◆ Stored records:
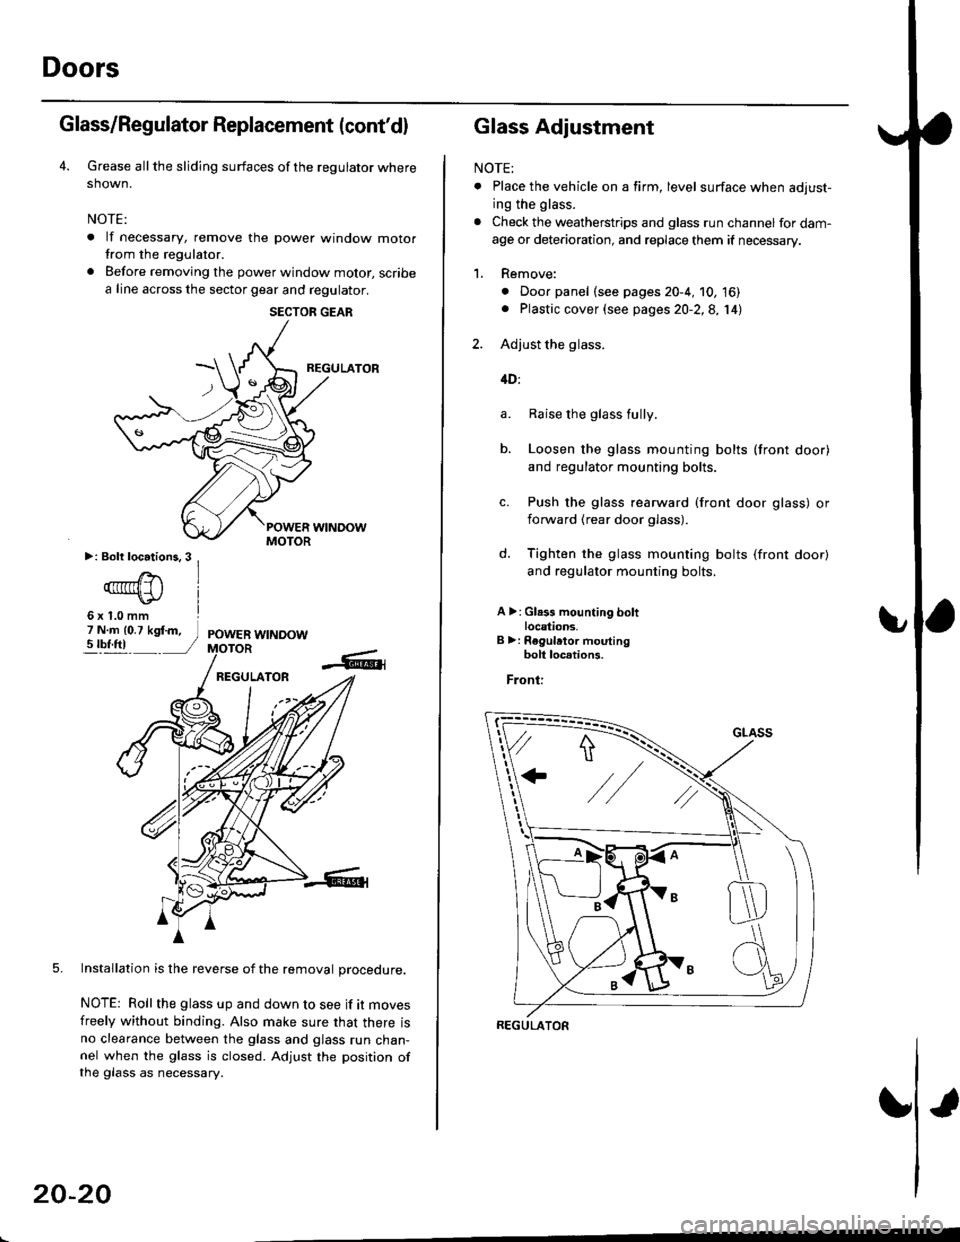 HONDA CIVIC 1999 6.G Workshop Manual Doors
Glass/Regulator Replacement (contdl
Grease all the sliding surfaces of the regulator where
shown.
NOTE:
. lf necessary, remove the power window motorfrom the regulator.
. Before removing the po

◆ Your assignment:
An exact copy of the entries above is required; pictures are not part of it.

◆ Result of this task:
 HONDA CIVIC 1999 6.G Workshop Manual Doors
Glass/Regulator Replacement (contdl
Grease all the sliding surfaces of the regulator where
shown.
NOTE:
. lf necessary, remove the power window motorfrom the regulator.
. Before removing the po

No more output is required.